Heart of a Stranger, Buchdahl explains, is both a particular and shared narrative. She tells us that, as a child, she often felt she was an outsider: Korean in America, American when she returned to Korea, and an unusual mixed-race family in the Jewish community. She connects this experience to her family's — starting with her mother who was born in Japan, where her family had been displaced, before returning to Korea and eventually immigrating to the United States — and to ancient Jewish narratives, from the biblical story of Abraham, a stranger in a foreign land, to millennia as diaspora outsiders around the world. Buchdahl also speaks of crossing boundaries to find home. "Home is where your people are," her mother told her, and then demonstrated how welcoming others (as an ESL teacher in Tacoma, Washington and a founder of an organization to assist new immigrants to the US — in Buchdahl's words, a "serial welcomer") could be transformative for everyone, creating community in the place of strangeness. This too, Buchdahl reminds us — the act of welcoming, with compassion and empathy — has roots in Abrahamic and other spiritual traditions and can be a powerful antidote to the isolation and polarization dividing us today.
Agency and intentionality are central themes of the book, and of our conversation.
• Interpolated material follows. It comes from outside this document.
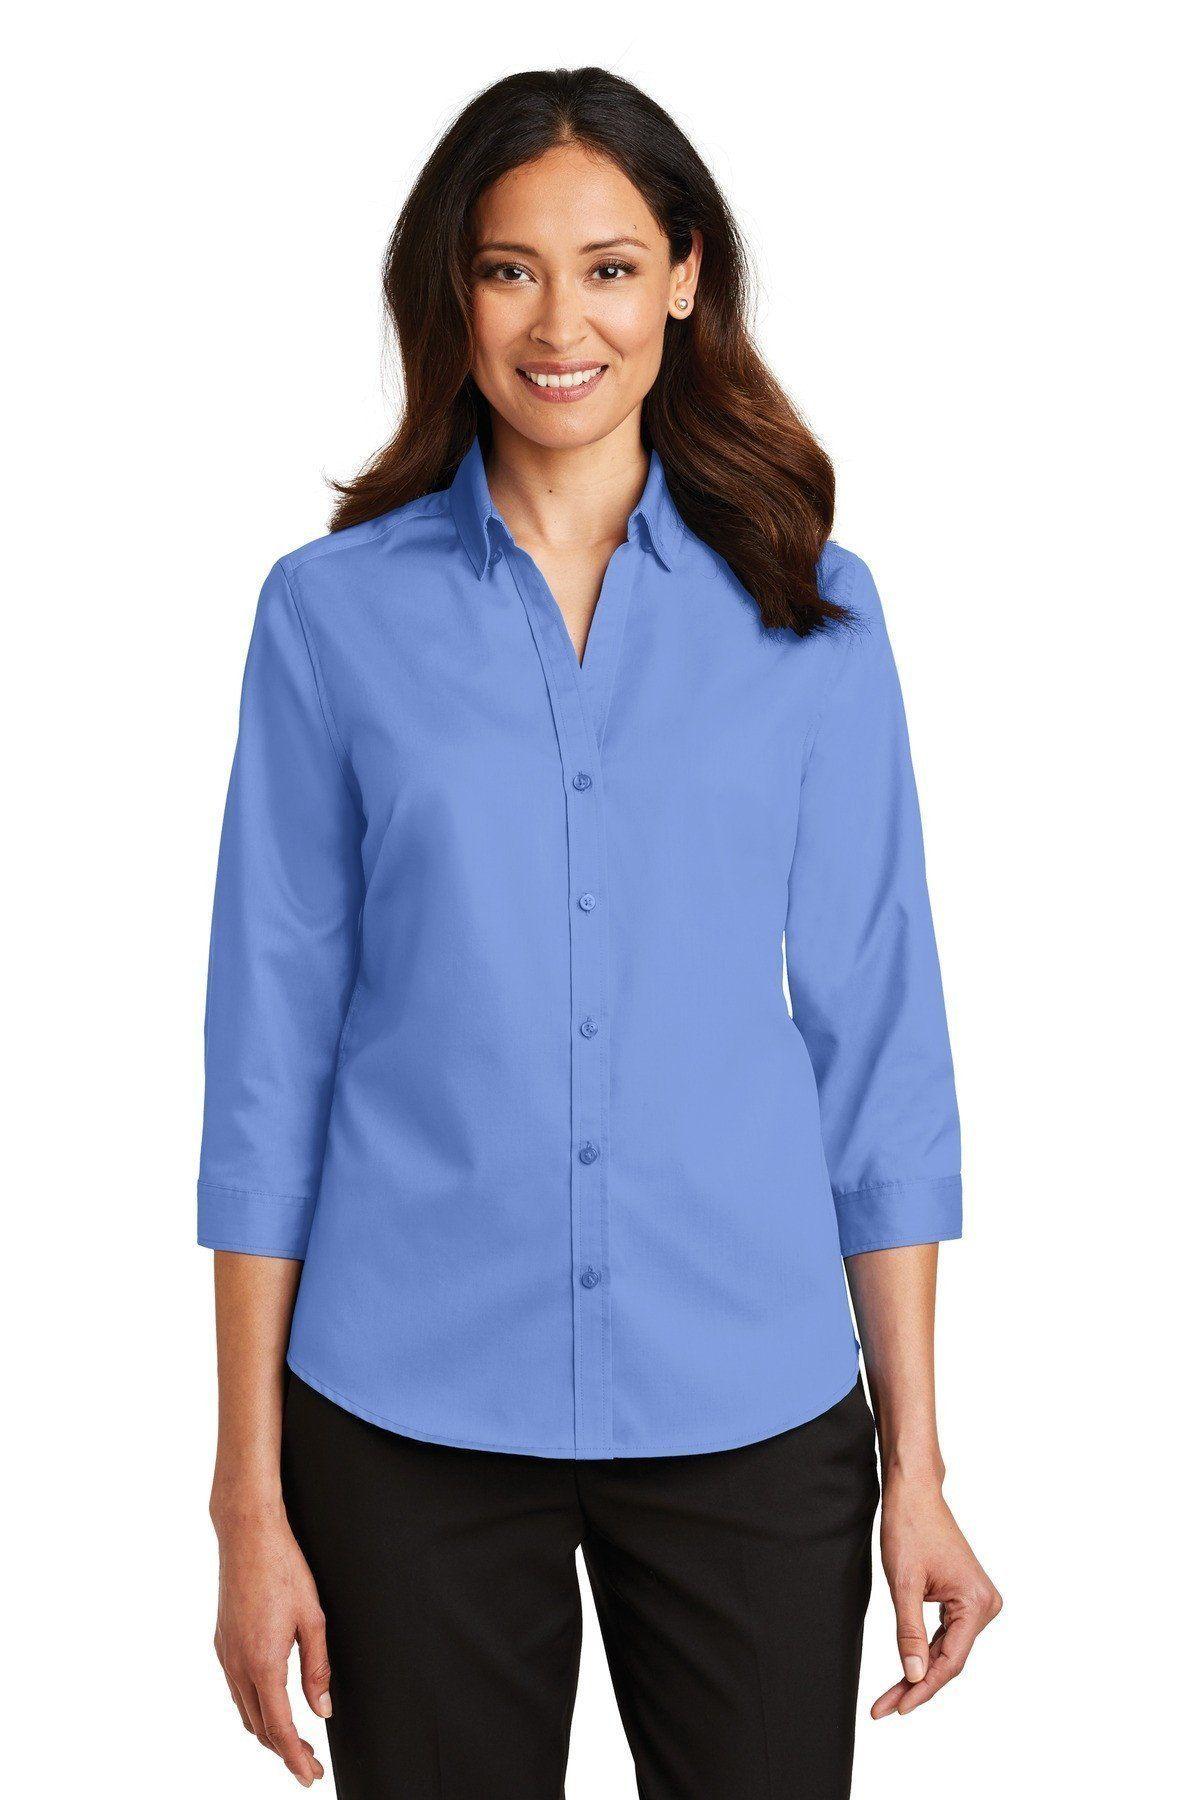 98934f4b6 Port Authority Ladies 3/4-Sleeve SuperPro Twill Shirt Ultramarine Blue L665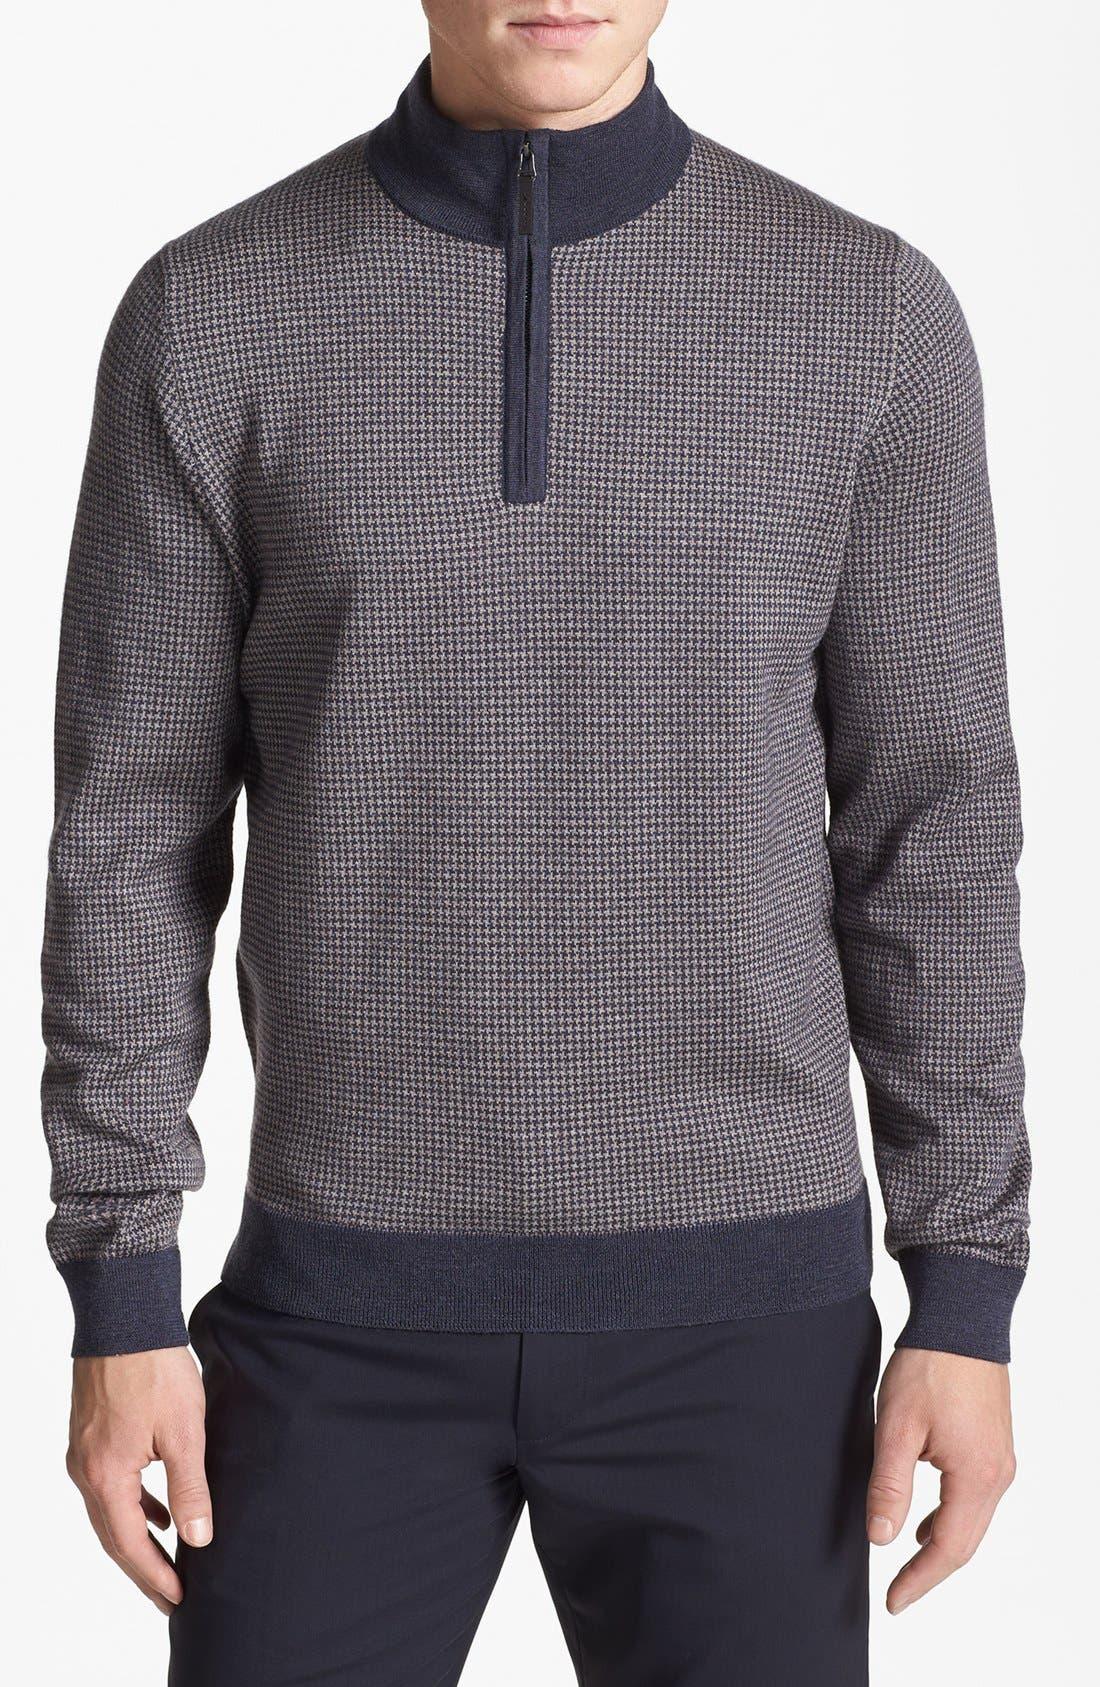 Main Image - John W. Nordstrom® Merino Wool Quarter Zip Pullover

We discuss what this means in the Jewish context — Buchdahl's decision and acts to define her own identity and path –— and its more universal applications: the spiritual imperative we all have to be boundary crossers. For Buchdahl, much of her early calling and connection to faith came through music, what she calls "my natural spiritual language." We explore how music has shaped her identity, her roles as cantor and rabbi, and the way she leads the congregation at Central Synagogue. Music is about beauty, she notes, but even more so about the "energy and electricity that comes when we're making it together." Buchdahl believes that much of her responsibility is to feel and modulate that energy.
We end with a broader discussion of leadership and what it means to have the "appropriate" amount of humility (in Hebrew, "anavah") to lead. Sometimes, Buchdahl says, even if it is uncomfortable, "you have to step in to fill that space," and all the more so in moments of destabilization. "You have to speak to people's fear, to then move forward and beyond." While there is no shortage of challenges — Buchdahl cites anti-Semitism, climate and technological change, isolation and polarization, to name a few — she also believes "there are ways to mine each crisis for the opportunity it provides us." We conclude with a return to agency — and exhortation. "Every day," Buchdahl says, "we can take one step towards building the world we want to live in."
Mentioned in this episode:
Heart of a Stranger: An Unlikely Rabbi's Story of Faith, Identity and Belonging, (Angela Buchdahl, 2025)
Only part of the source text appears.